国宝にも認定される現存天守の松本城は、日本で唯一という黒漆塗りの五重天守が存在感抜群! さらに、雄大なアルプスの山々を望む立地の良さも松本城ならではの魅力で、「お城から眺められる北アルプスの絶景」「お堀の水面に映った天守などとにかく写真映えする」など、見た目や景観を称賛するコメントが多く寄せられました。

▼松本城に関する記事はこちら
・萩原さちこの城さんぽ 〜日本100名城・続日本100名城編〜 第2回 松本城 漆黒に艶めく天守の秘密(https://shirobito.jp/article/213
・現存12天守に登閣しよう【松本城】国宝天守をもつ唯一の平城(https://shirobito.jp/article/259

2位 江戸城(東京都千代田区)

<住環境部門1位/設備部門6位/見た目部門15位>
江戸城
(画像提供:日販セグモ株式会社)

3代目天守が明暦の大火(1657年)で焼失した後に天守が再建されないまま現在に至る江戸城ですが、「城を中心とした街づくりの完璧さ」という平和な江戸時代の権力の象徴として理想を追求した姿、そして城下町も含めた魅力で推されて堂々の総合2位に。また、「駅近、交通の便が一番いい」「都心に広大な土地」といった声が挙がる現代における資産価値も、住環境部門1位という高評価につながりました。

▼江戸城に関する記事はこちら
・江戸城のすべて(https://shirobito.jp/article/rensai/21

1位 姫路城(兵庫県姫路市)

<住環境部門6位/設備部門1位/見た目部門1位>
姫路城
(画像提供:日販セグモ株式会社)

設備部門・見た目部門いずれも1位という圧倒的な人気を集めた現存天守&国宝&世界文化遺産の姫路城。「日本人の誇りと思える、壮大さ、美しさ」「見た目、機能面どこをとっても素晴らしい」といったコメントが多い一方で、「繁華街からのアクセスの良さ」「トイレ設備が整っている」「たくさんの門、櫓、隠し部屋など、セキュリティも完璧」といった“現代に住む”という観点からも高評価を集めました。「部屋や建物が多く、長く住んでいても飽きなそう」「親戚、友達が遊びに来ても自慢できる」という、豪邸願望の高い人の夢もかなえる納得の第1位でした。

▼姫路城に関する記事はこちら
・現存12天守に登閣しよう 【姫路城】第1回 白くなった姫路城(https://shirobito.jp/article/171
・【兵庫県のお城】戦から平和へ!西国に睨みを利かせる徳川譜代の城!(https://shirobito.jp/article/564

なお今回のランキング結果について、お城ライターであり日本城郭協会の理事も務められている萩原さちこさんが次のようにコメントされています。

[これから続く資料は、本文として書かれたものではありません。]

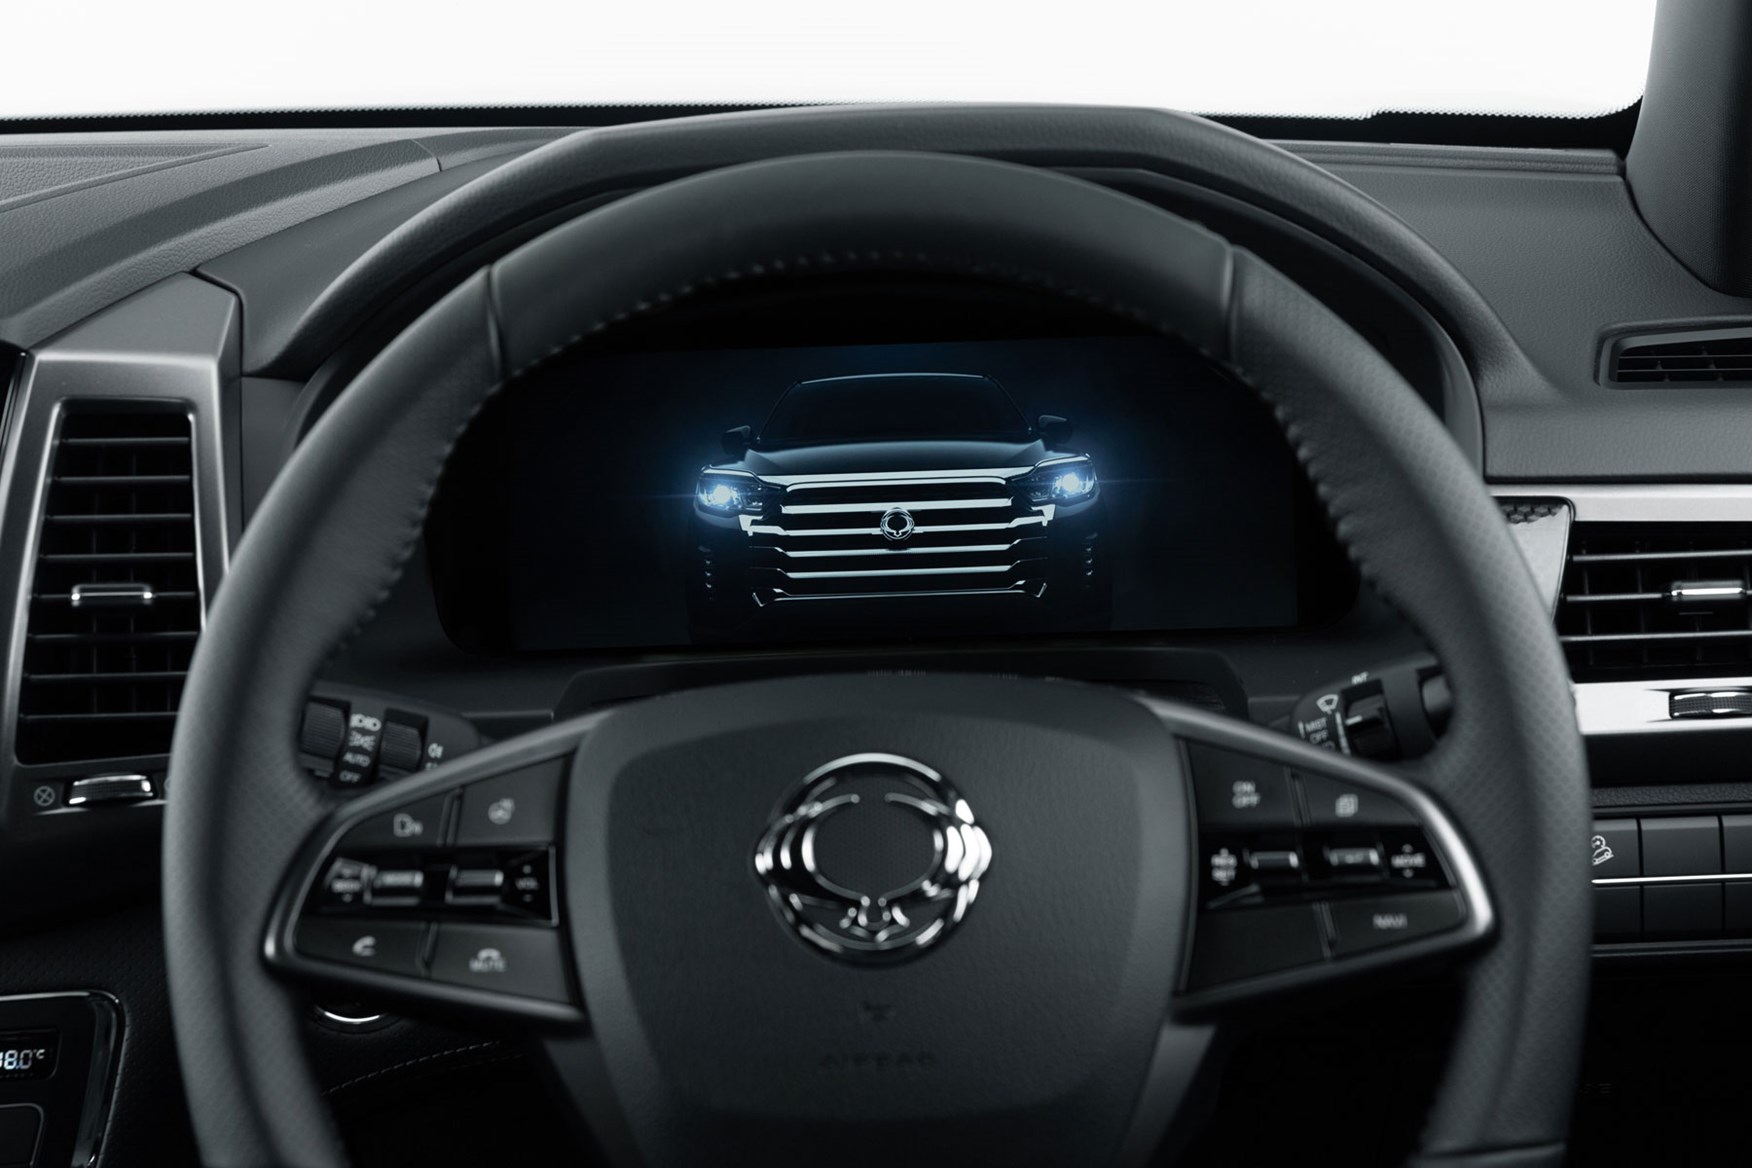 SsangYong Musso instrument panel
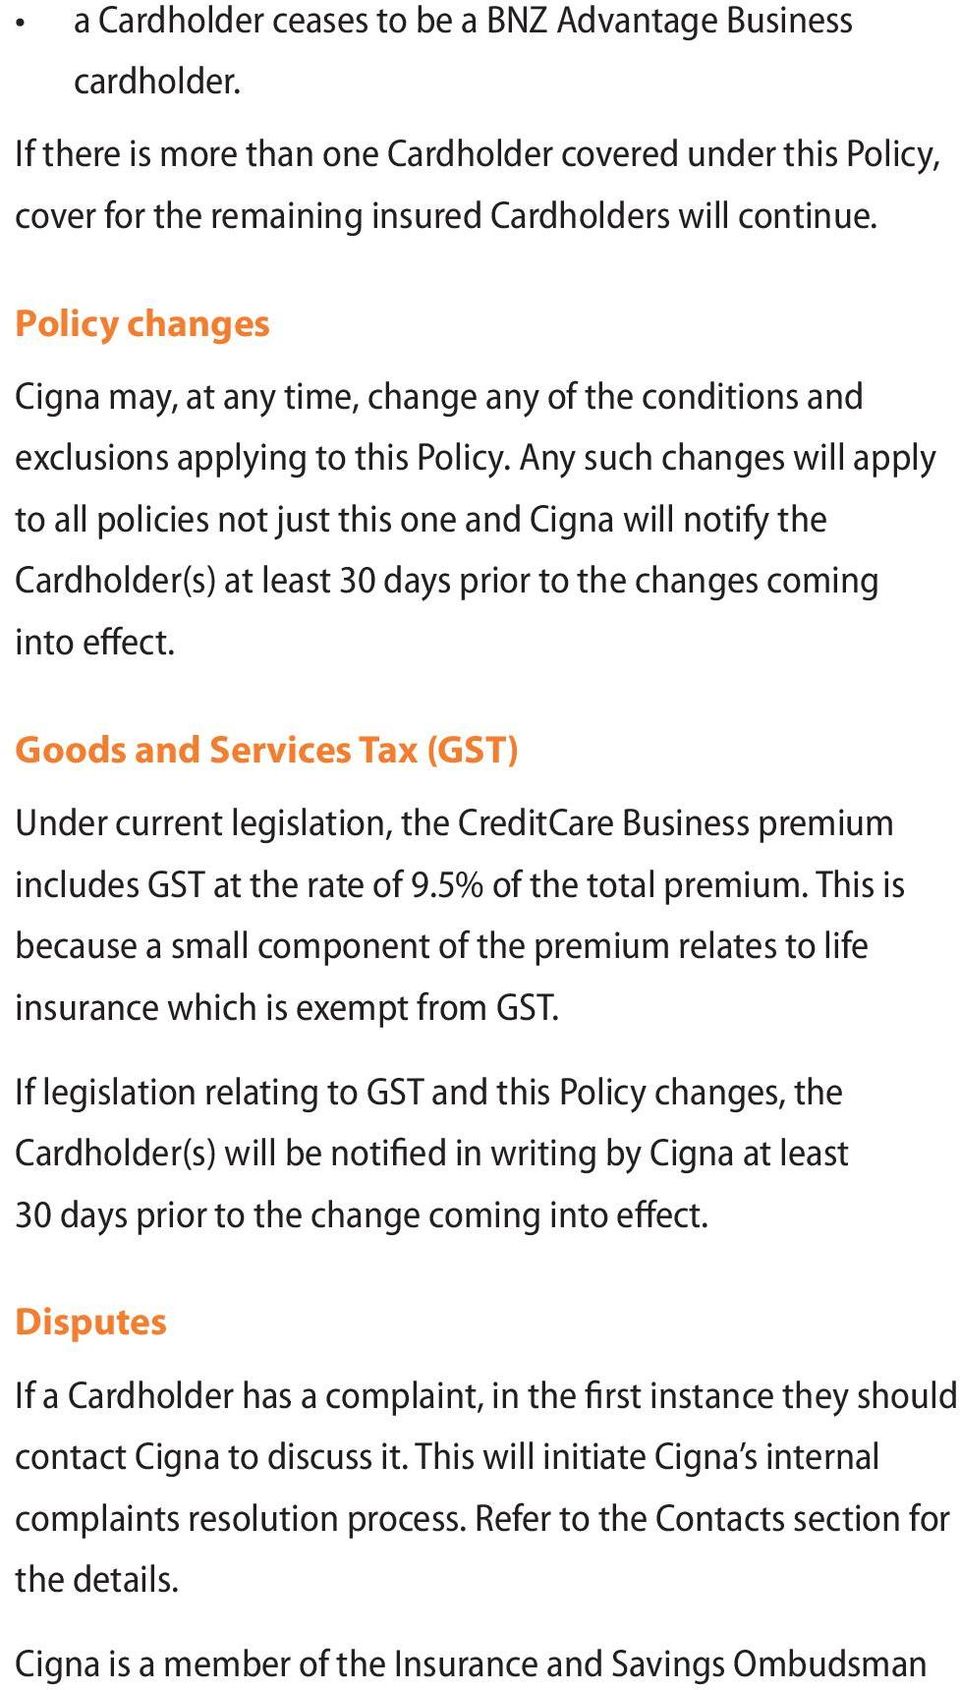 Any such changes will apply to all policies not just this one and Cigna will notify the Cardholder(s) at least 30 days prior to the changes coming into effect.

都市の中心にあり、利便性は抜群。しかも見栄えがよく籠城の備えが完璧となれば、
住まいとしてはいいですね。みなさんの意見、なるほどと楽しく拝見しました。
私自身は城に住みたいと思ったことはなく、
ただただ「平和な現代に生まれてよかった」と思うばかりです。
しかしあえて住みたい城を選ぶなら、二条城二の丸御殿でしょうか。
江戸幕府の威信をかけて天皇行幸のために築き上げた御殿で、
VIP な気分を味わってみたいと思います。
天守で宿泊となると松本城天守ですが、以前ロケで早朝に訪れたとき、
あまりに冷え込みが厳しく無理だなと思いました(笑)。
月見櫓での優雅な時間は過ごしてみたいです。

▼萩原さちこさんの城びとでの連載はこちらから!
・萩原さちこの城さんぽ 〜日本100名城・続日本100名城編〜(https://shirobito.jp/article/rensai/6
・江戸城のすべて(https://shirobito.jp/article/rensai/21

「住環境」「設備」「見た目」部門別ランキングにも注目

最後に、「住環境」「設備」「見た目」各部門のランキングをそれぞれ発表します。総合ランキングでは圏外だった名城の名前がいくつか見られますね。

住みたいお城ランキング、部門別

天守や追手門が重要文化財に認定されている高知城(高知県高知市)が「設備」部門では9位。全国有数の多雨地帯という気候を考え、石樋(いしどい)という珍しい排水設備が整えられている独自性などがお城好きに刺さったのかもしれません。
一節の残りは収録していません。